Вот о ней нужно подробнее — ее судьба простирается в будущее.
Она листала на чердаке розово-голубые подшивки журнала «Китай», общалась с Нефтодьевым, всерьез принимая его за домового, рисовала каких-то чудищ, питалась от случая к случаю. По саду Катя ходила молчаливая и неприметная, в странных одеяниях, то великоватых на ней, то маловатых. Все это были гостинцы дальних и близких родственников, помогавших Шихиным обживать новое место. Сердобольные тетки присылали стертые босоножки, которые Катя сможет надеть разве что года через два, если, конечно, Шихин соберется их подклеить, подшить и довести до ума, щедро дарили ношеные колготы, пальтишки с подшитыми рукавами, штопаные вязаные шапочки. Попадались и почти новые платья, из которых кто-то вырос, не успев сносить, но это случалось нечасто. Все принималось с благодарным восторгом, Катя счастливо прыгала вокруг коробки с тряпьем, Валя смотрела на нее с грустной улыбкой, а Шихин прикидывал объем работы но восстановлению вещей.
Во времена, к которым относится наше повествование, Катю часто можно было увидеть в вельветовом халате с розовыми разводами, с громадными карманами, сделанными, похоже, из рукавов, а сами рукава отсутствовали, поскольку продырявились еще у прежней хозяйки. Катя любила этот халат именно за безразмерные карманы — у нее там всегда можно было найти несколько сухарей разной степени сгрызенности, и она постепенно съедала их, никому не докучая и не напоминая о себе.
Катю часто можно было увидеть на дереве, причем она предпочитала рябину — ее ветви шли от самой земли, и забраться на рябину было куда проще, нежели на необъятный дуб, на скользкий ствол березы или на колючую сливу. В теплых ветвях рябины она сидела долго и неподвижно, дожидаясь, когда рядом сядут сойки, синицы, снегири. Как-то Шихин обнаружил Катю на дереве во время дождя. Она сидела, забравшись в прозрачный целлофановый мешок, по которому часто и звонко стучали капли. Проделав в мешке дыру, Катя смотрела на соседку за забором, которая поливала грядки из резинового шланга. Катя терялась в догадках — зачем делать такую пустую работу? И придумывала десятки причин, по которым та могла поливать огород во время дождя. Например, соседка не заметила дождя, задумавшись о чем-то важном, или дождь мог быть ядовитым, во всяком случае не очень полезным для редиски, морковки, огурцов, или соседка сомневалась, что дождь продлится слишком долго, или ее растения, привыкнув к водопроводной воде, не принимали дождевой, а может, соседке просто нравилось поливать огород и она поливала его, несмотря ни на что...

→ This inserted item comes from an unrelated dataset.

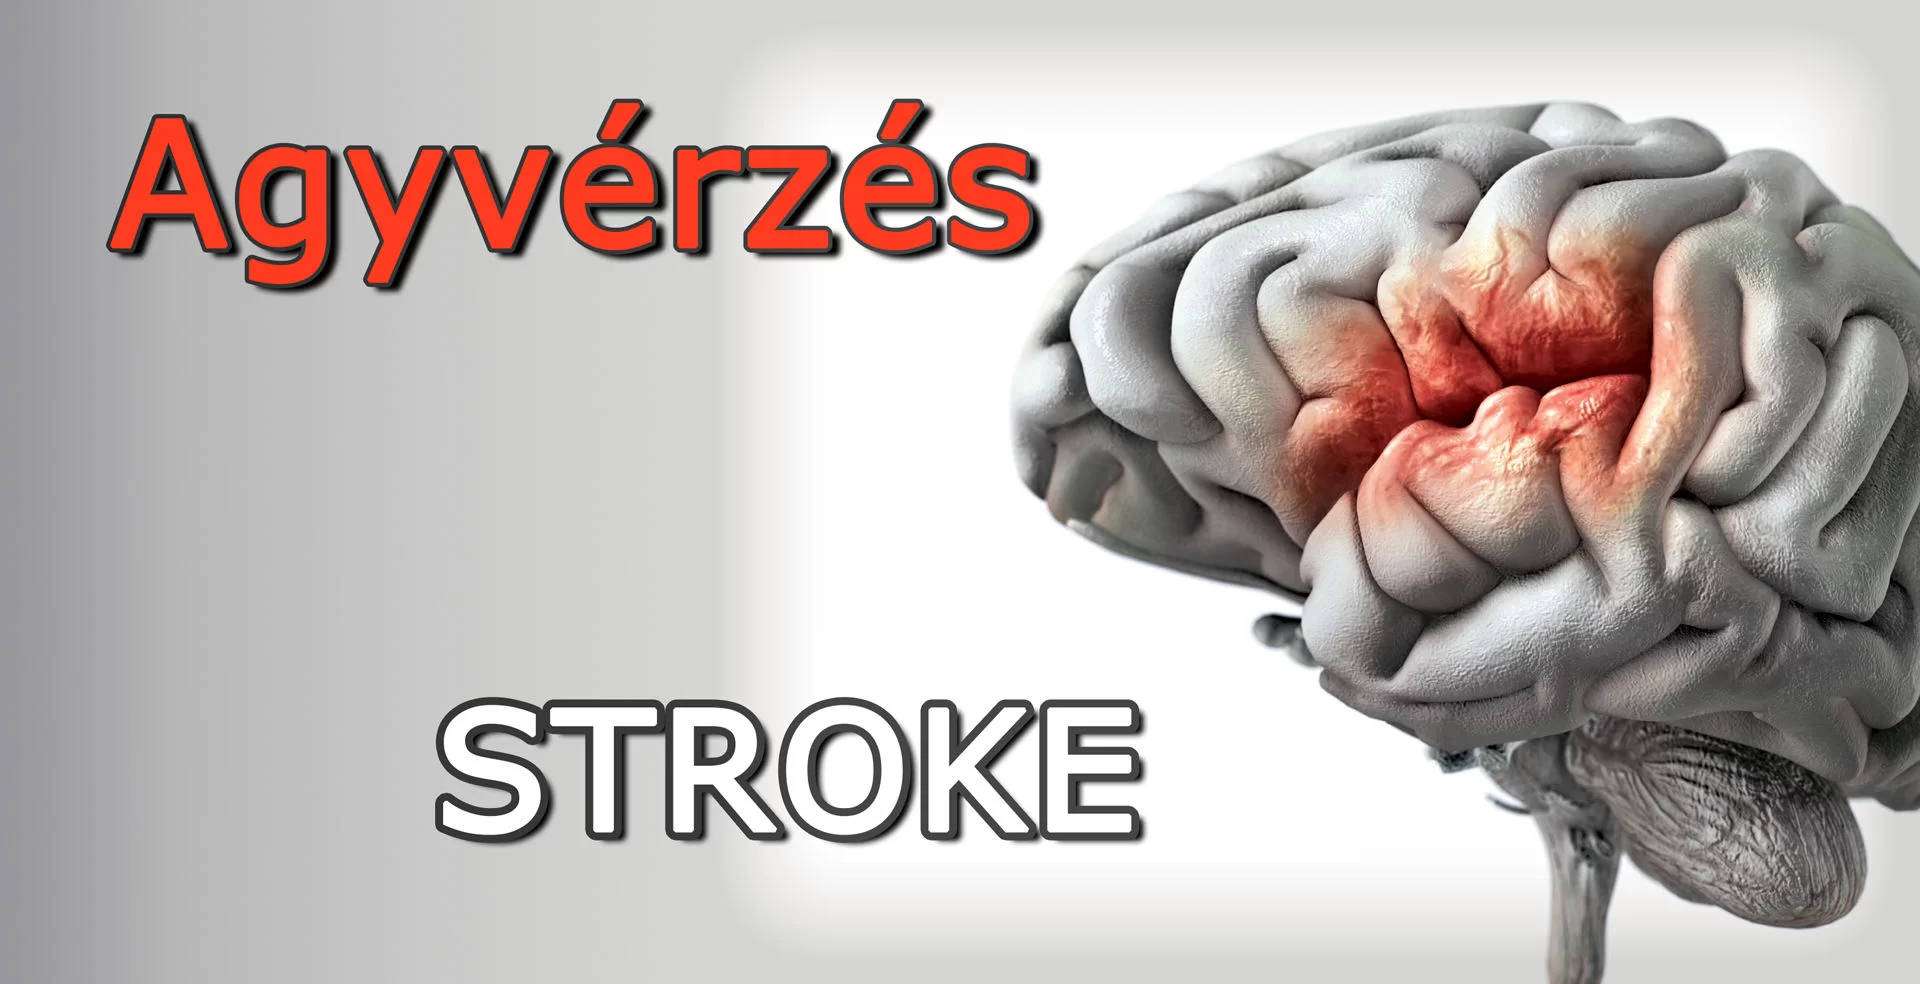 agyvérzés-stroke

— Что происходит? — спросил Шихин, обнаружив высоко в ветвях застывшую в целлофановом мешке Катю. В своем посверкивающем одеянии она таинственно темнела среди звезд.
— Это космический корабль, — отвечал из мешка приглушенный голос, казалось, он действительно доносился из небесного пространства.
— Куда же ты летишь?
— Я уже прилетела.
— И где находишься?
— Еще не знаю... Присматриваюсь вот...
— Ну, давай, присматривайся, — отвечал Шихин, отходя от рябины. — Тут, похоже, ко всем нам не мешает присмотреться.
Он не мог отделаться от мысли, что страсть к космическим путешествиям у Кати чисто наследственная — чуть ли не каждую неделю моталась на Венеру непонятно по каким надобностям его тетка Нюра, пока не улетела однажды в запредельное пространство, а дальний родственник Ваня из деревни Грива, надев шинель, подаренную генералом ракетных войск, и взобравшись на холм, где когда-то стоял барский дом, и светился окнами, и звучал музыкой, а теперь лишь змеи ползают в остатках его фундамента да растет серебристый тополь, которым так гордился барин Кавелин, так вот, взобравшись в лунную ночь на этот холм, в распахнутой генеральской шинели и с непокрытой головой Ваня часами что-то высматривает на Луне, изредка произнося странные слова, потому что человеческих слов он произносить не умеет. Когда было Ване три года, протянул он свою немытую ручонку к вареной картофелине на столе, а мать, злобная от недоедания и дурного воспитания, ударила по руке и навсегда отняла у Вани речь. Вот и мычит он, бедный, уж семьдесят лет — ровесником революции оказался Ваня, и высохшая его рука не может удержать ничего, кроме куска хлеба и стопки водки, которой баловал его иногда Шихин, приезжая в деревню перевести дух. До прошлого года приезжал, пока какая-то сволочь не облила поздним вечером его избушку бензином и не сожгла до пепла. И никто уже не подкармливал Ваню, и нашли его однажды в канаве... В генеральской опять же шинели.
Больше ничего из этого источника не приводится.